– Какая драма?
– Не скажешь никому? Точно? – Сава уже выпил слишком много, а потому не видел ничего предосудительного в том, чтобы выдать тайны своего лучшего друга. – У него была любовь сумасшедшая.
– Когда? Давно?
– Еще в ресторане «Танго», где мы с ним впервые встретились. Нет, не у нас с ним любовь была, что ты! – замахал руками Сава и чуть не опрокинул стакан. – Он тогда от той девушки совсем голову потерял. Но, по слухам, красавица! Как кинозвезда! И любила его тоже. Он ей столько песен посвятил – штук десять! И все отличные, все хиты стопроцентные. Я их потом и купил.
– Как купил? – вздрогнула Мишель. – Зачем?
– Так девушка пропала – по слухам, убили ее. Андрюха горевал так, что чуть не свихнулся. Но тут Настя появилась и быстро все провернула.
– Подожди, Сава, – Мишель неожиданно перешла на «ты». – Получается, что его любимую девушку убили, а он тут же продал песни, которые ей посвятил?

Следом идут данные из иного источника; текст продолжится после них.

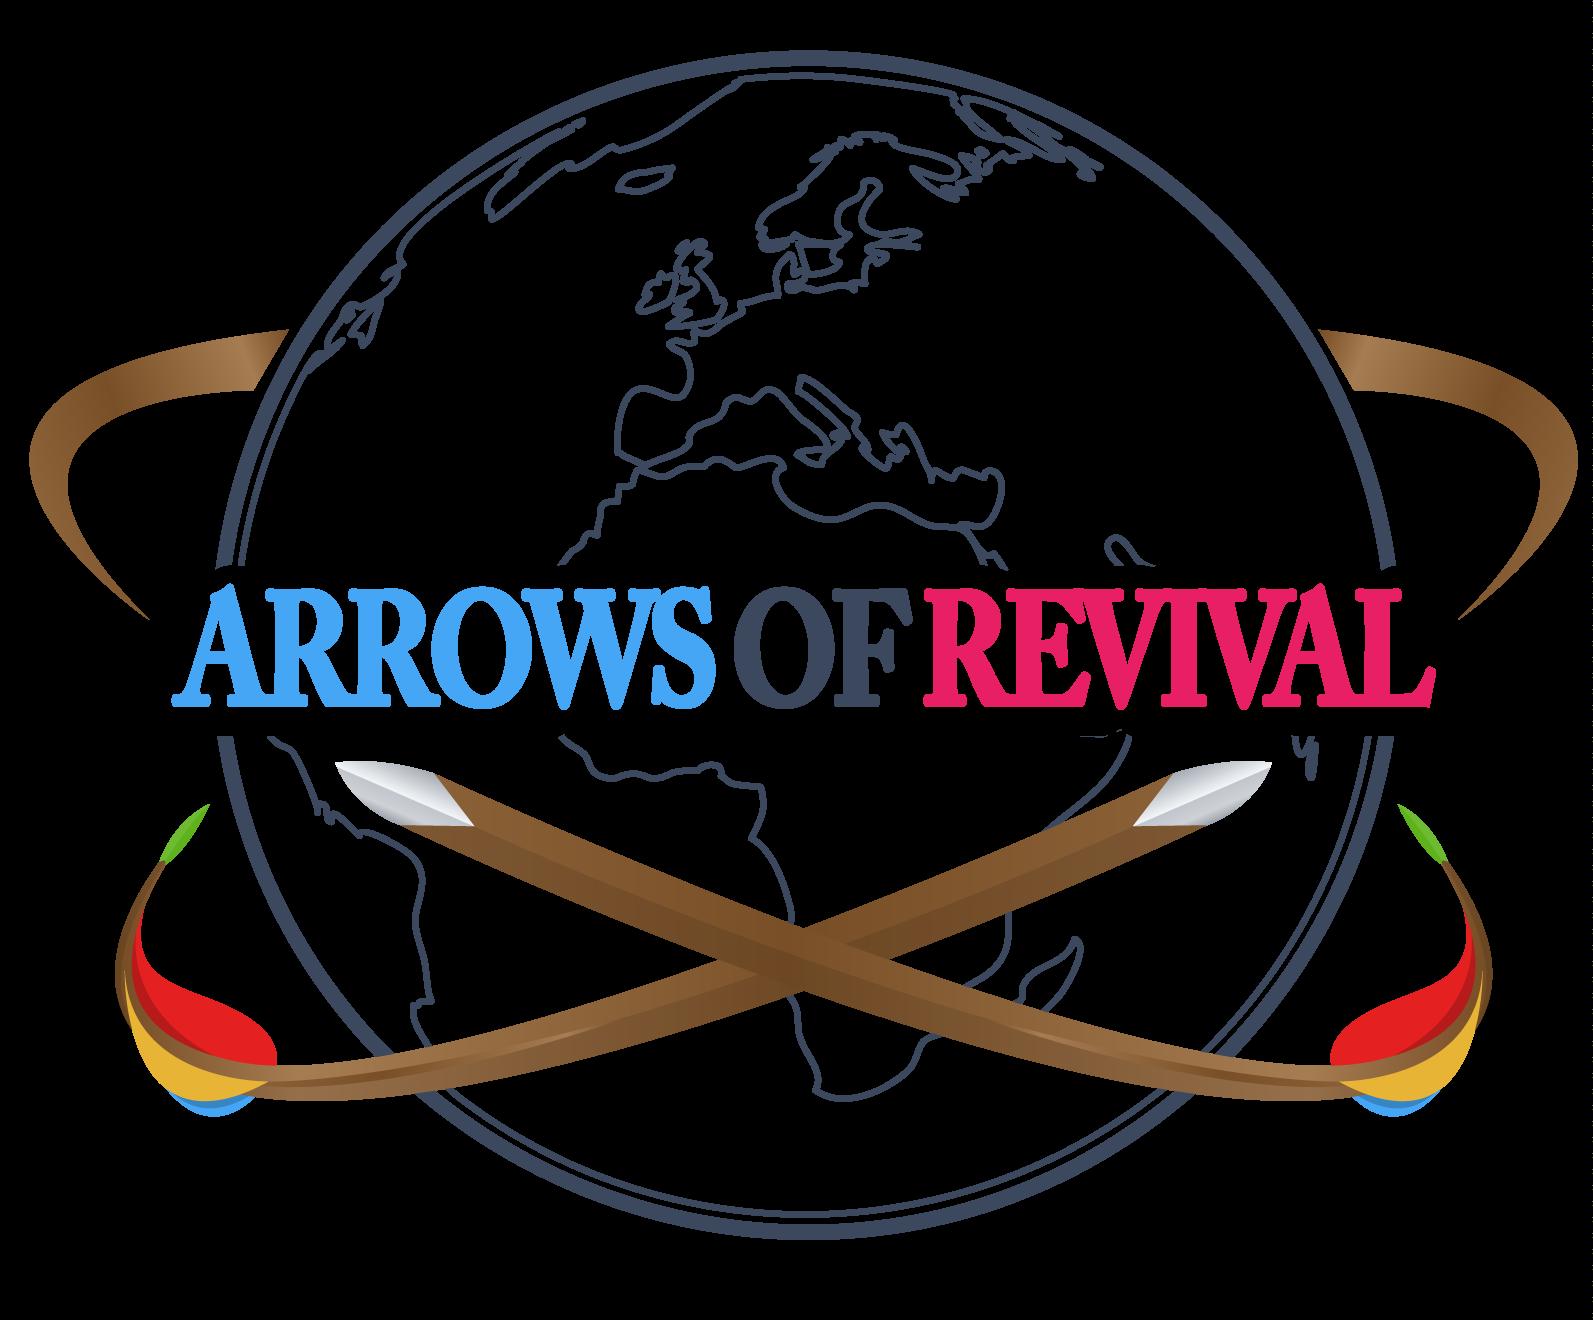 ArrowsofRevival1300dpiRGB.png

– Получается, что да, – кивнул Сава и с сожалением посмотрел на пустую бутылку. – Надо было две купить. Но ничего, сейчас пошарю в Настасьиных закромах.
– Сава! – прошептала Мишель. – Но это же ужасно. Это же мародерство.
– Почему? – изумился он. – Настька мне как сестра, ну, поругается немного, ничего, от меня не убудет.
– Да я не про бутылку! Я про песни! – Мишель даже покраснела от возмущения. – Как же так можно? Неужели он не понимал, как это мерзко? Или он не любил эту девушку?
– Любил, – кивнул Сава. – Он ее любил, потом еще кто-то ее любил, а потом – бах! – и неизвестно кто убил. Но скорее всего это Князь, так того бандита звали. Ох, времена были! Вот такая история. Страшно?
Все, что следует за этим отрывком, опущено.